CrystalXRD-Bench: Benchmarking Vision-Language Models for XRD Peak Indexing Across Diverse Crystalline Materials
Pith reviewed 2026-06-29 07:25 UTC · model grok-4.3
The pith
Vision-language models reach at most 0.5888 Jaccard score when recovering Miller indices from XRD images plus CIF data.
A machine-rendered reading of the paper's core claim, the machinery that carries it, and where it could break.
Core claim
CrystalXRD-Bench supplies each rendered XRD image together with its originating CIF text and chemical formula so visual extraction can be measured separately from crystallographic calculation; on the single task of recovering every HKL that contributes to the highest-intensity peak, the best model reaches a Jaccard score of 0.5888 with 37.6 percent exact matches while six of seven models remain below 0.50, and error patterns reveal systematic weaknesses on double-peak cases, over-prediction by recall-heavy models, and limited help from CIF access.
What carries the argument
CrystalXRD-Bench, the 250-sample test set that requires recovering the complete set of HKLs for the highest-intensity peak from a rendered XRD image paired with CIF text and formula.
If this is right
- Double-peak XRD patterns remain especially difficult for current models.
- Recall-oriented models increase coverage mainly by over-predicting HKLs rather than improving extraction accuracy.
- Access to the source CIF text does not close the gap in performing the required crystallographic calculations.
- The benchmark isolates concrete conditions under which vision-language models fail on quantitative scientific figures.
Where Pith is reading between the lines
- Specialized visual processing for curve and peak data may be required before these models can support routine crystallography workflows.

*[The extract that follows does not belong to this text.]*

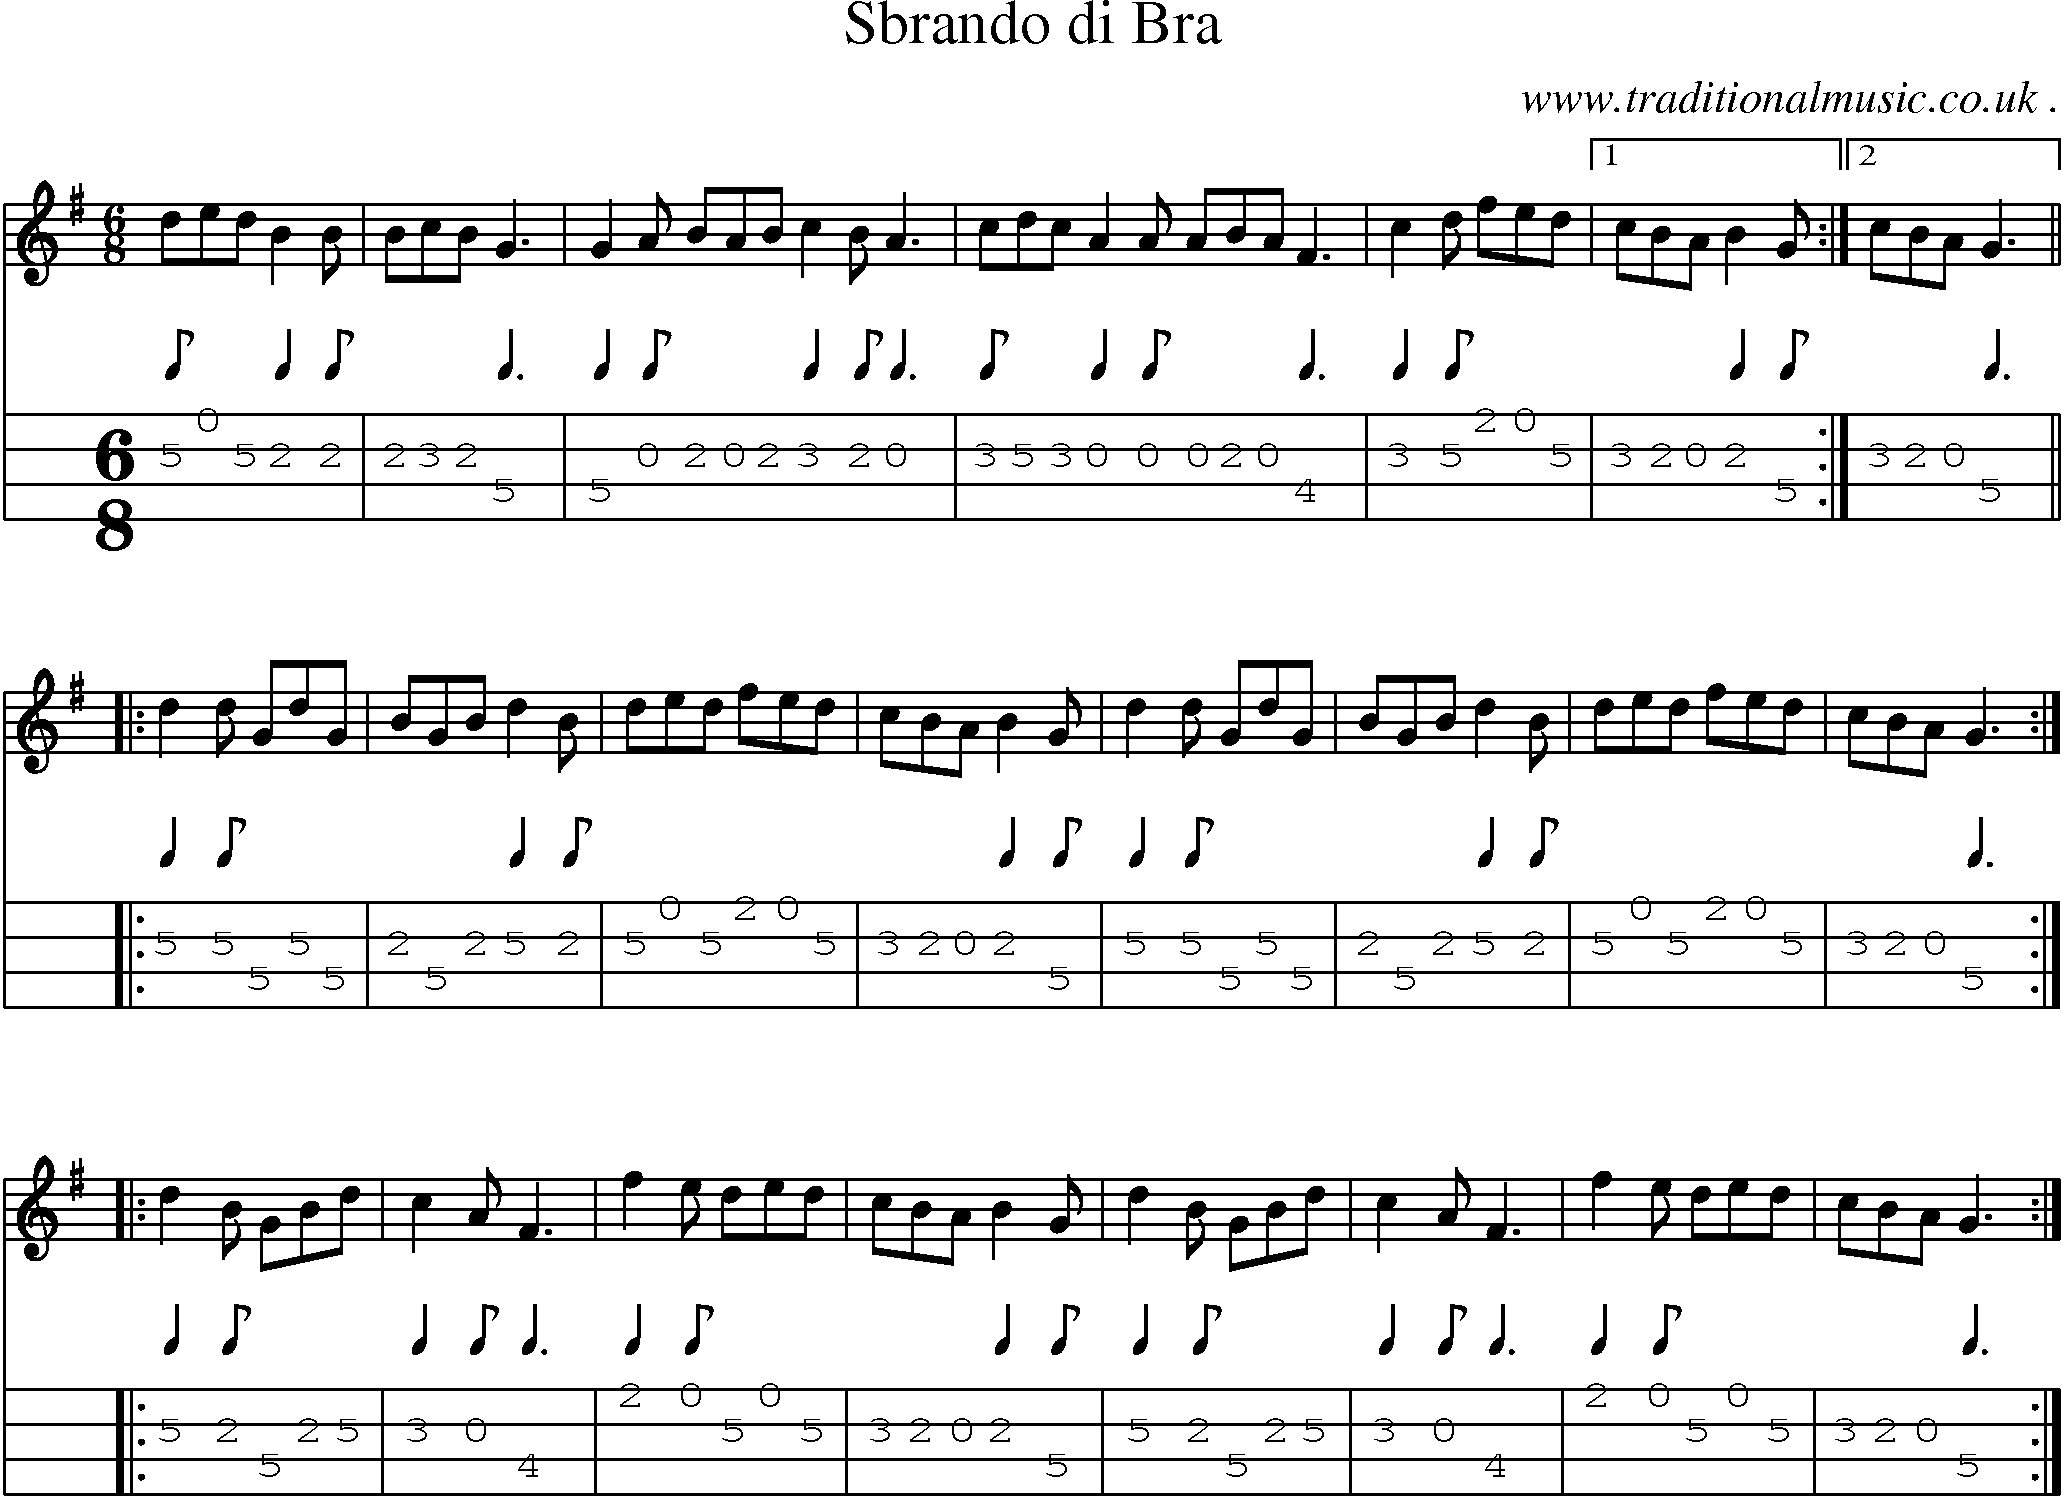 Sheet-Music and Mandolin Tabs for Sbrando Di Bra

- Extending the same evaluation protocol to full-pattern indexing or to weaker peaks would likely reveal additional failure modes.

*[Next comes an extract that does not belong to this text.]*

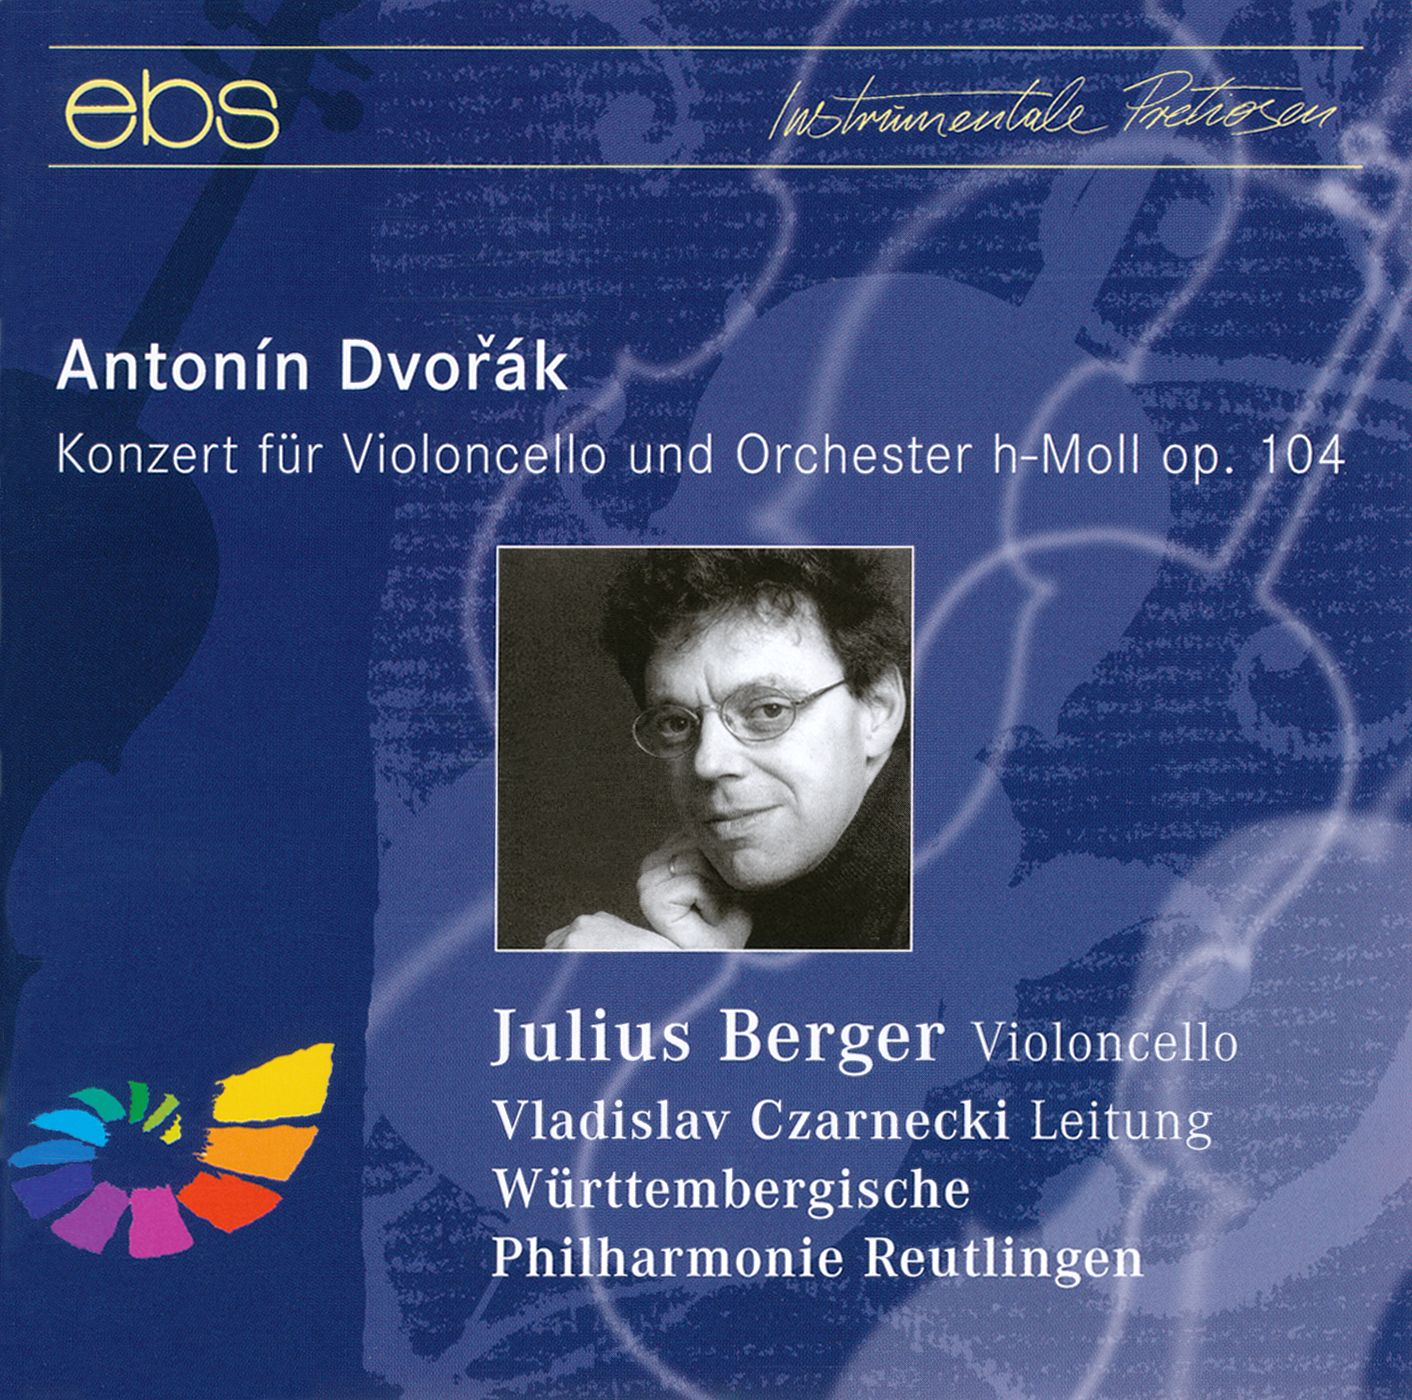 Antonin Dvorak - Cellokonzert

- Hybrid systems that combine vision-language output with external symbolic crystallography routines could be tested directly on this benchmark.
Load-bearing premise
The 250 samples drawn from ten public crystallographic databases form a representative test without unaccounted confounding factors from peak rendering or database choice.
What would settle it
A model that reaches Jaccard scores above 0.8 on the full set of 250 samples, or a controlled study showing that rendering choices alone produce the observed error rates.
Figures
read the original abstract
Miller-index identification from powder XRD patterns requires capabilities untested by existing multimodal benchmarks: the model must read a narrow peak location from a rendered scientific curve and then connect that observation to multi-step crystallographic reasoning. We introduce CrystalXRD-Bench, a 250-sample benchmark built from 10 public crystallographic databases for a single task: recover the full set of HKLs contributing to the highest-intensity peak in an XRD pattern. Each sample pairs the rendered XRD image with the source CIF text and chemical formula, so visual extraction errors and reasoning errors can be examined side by side. We evaluate seven vision-language models. The best Jaccard score is 0.5888 (GPT-5.4) with an exact-match rate of 37.6%, yet six of seven models remain below Jaccard 0.50; the task is far from solved. Error patterns vary systematically: double-peak cases are especially brittle, recall-heavy models gain coverage by over-predicting HKLs, and access to CIF text does not close the gap in crystallographic calculation. Alongside model rankings, the benchmark identifies the conditions under which current VLMs fail on quantitative scientific figures. All data and evaluation code will be publicly available.
Editorial analysis
A structured set of objections, weighed in public.
Referee Report
Summary. The paper introduces CrystalXRD-Bench, a 250-sample benchmark drawn from 10 public crystallographic databases. Each sample pairs a rendered XRD image with the source CIF text and chemical formula; the single task is to recover the full set of HKLs contributing to the highest-intensity peak. Seven vision-language models are evaluated on Jaccard overlap and exact-match rate. The best result is Jaccard 0.5888 and 37.6% exact match (GPT-5.4); six of seven models remain below Jaccard 0.50. The authors conclude that the task is far from solved, document systematic error patterns (double-peak brittleness, recall-heavy over-prediction, limited benefit from CIF text), and state that all data and evaluation code will be released publicly.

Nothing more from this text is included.